With physician visits declining and 38 percent of private hospital beds unoccupied, doctors’ incomes dropped and hospitals became financially unstable. This financial crisis, along with the need to help people access healthcare, led to the creation of the Blue Cross Plan (a prepaid hospital plan) developed by the American Hospital Association in 1933.  

In this same year, PacificSource got its start. A group of 21 physicians who staffed and operated Pacific Christian Hospital in Eugene, Oregon, founded Pacific Hospital Association (PHA)—the former name of PacificSource Health Plans. The following year, the hospital was sold, making PHA a separate entity.  

Unfortunately, information regarding PHA’s premium costs during these early years is not available. A good example of what Americans paid, however, is provided by Associated Hospitals of Essex County, Inc. (the precursor to Horizon BlueCross Blue Shield of New Jersey), which in 1933 offered subscribers 21 days of prepaid hospital care for a $10 annual premium. 

The Blue Shield program followed in1939 to cover physicians' expenses. The California Physicians' Service (CPS) was the first such plan, offering physicians' services for $1.70 per month to employees earning less than $3,000 annually. 
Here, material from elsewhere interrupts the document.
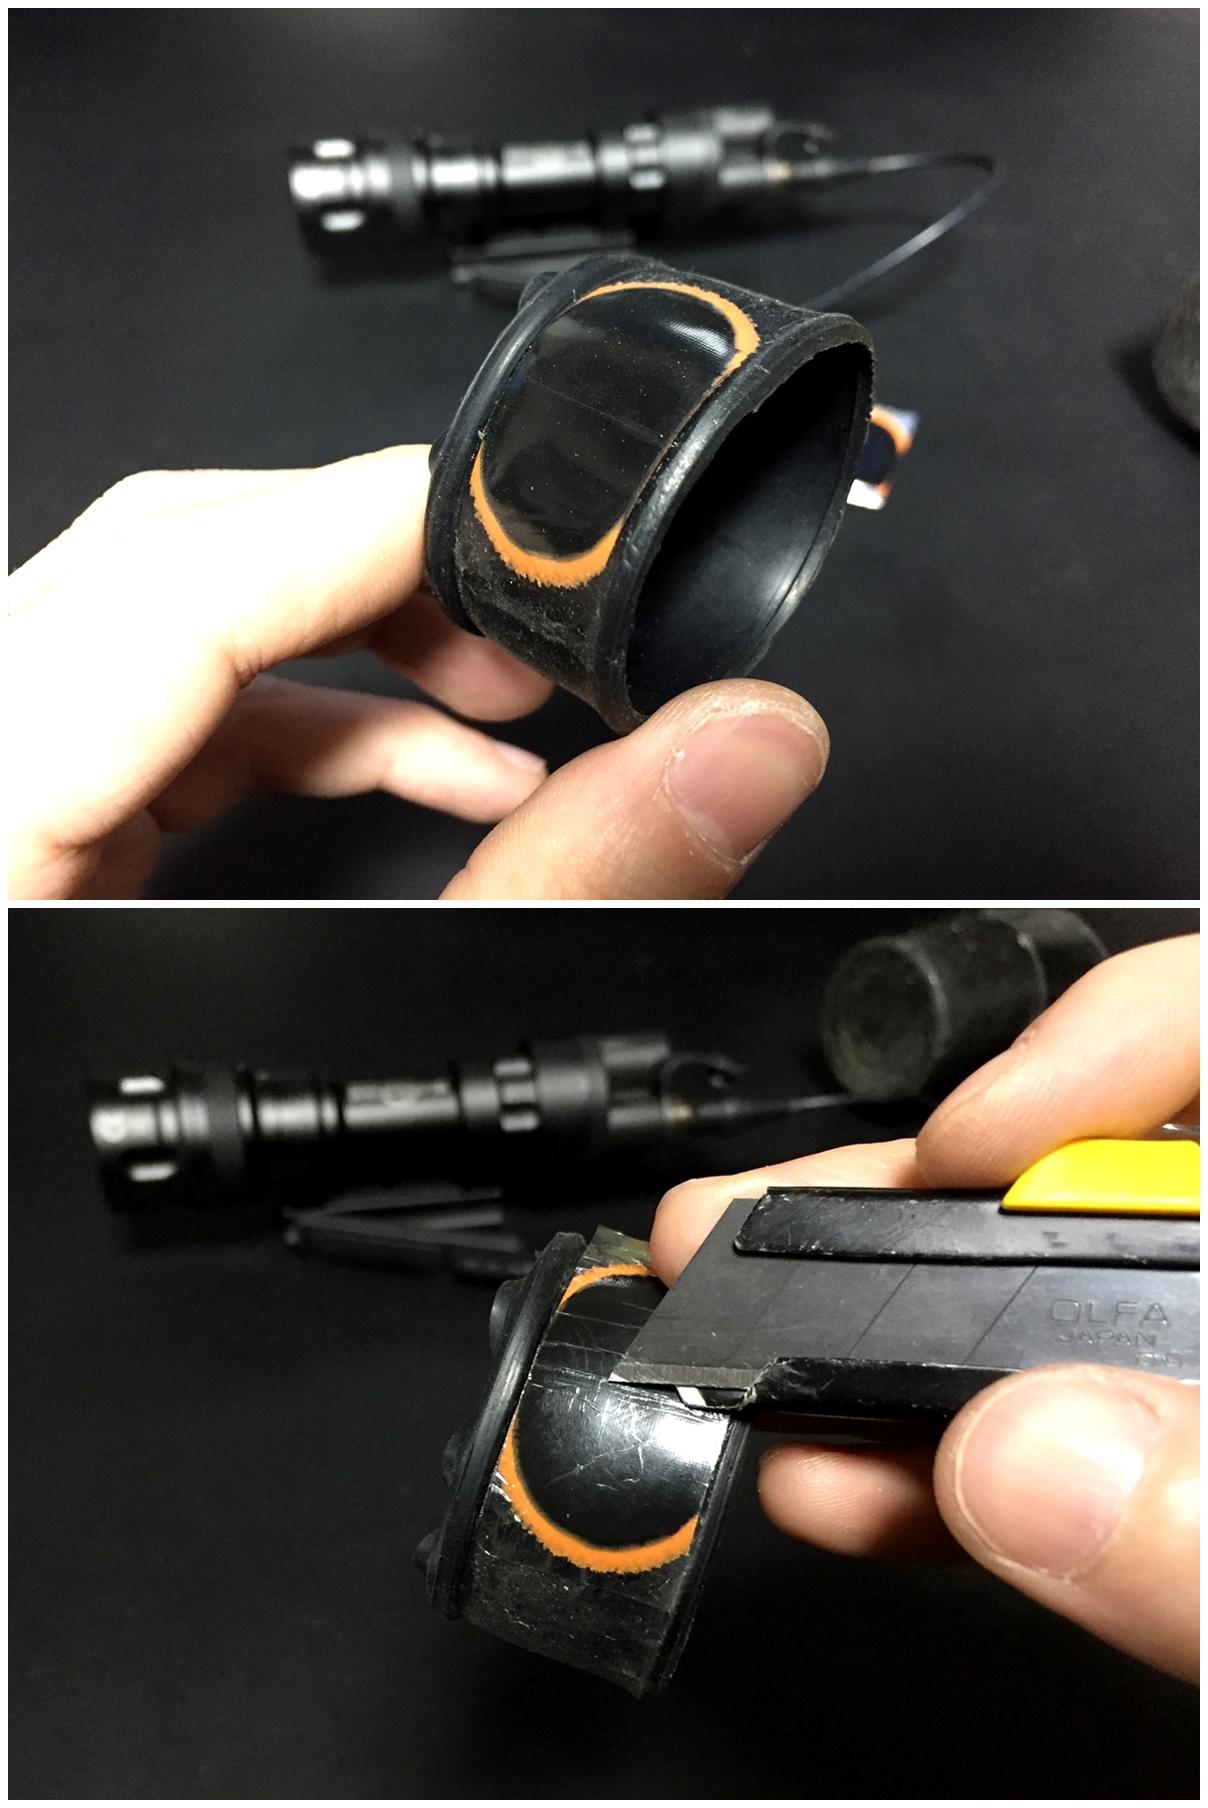 15 ELEMENT フラッシュライト ディフューザー フリップアップ式 カバー 1 47インチ 1 62インチ IRフィルター SUREFIRE タイプ レプリカ フラッシュライト カバー 比較 取付 加工 レビュー

While private, voluntary health insurance grew in popularity, Congress debated but did not pass legislation for national health insurance. The American Medical Association (AMA) actively campaigned against all forms of health insurance, private or government-directed. In the late ‘30s, they modified their position regarding voluntary health insurance, but remained opposed to proposals for national health insurance, viewing it as socialized medicine and a threat to physicians’ professional autonomy.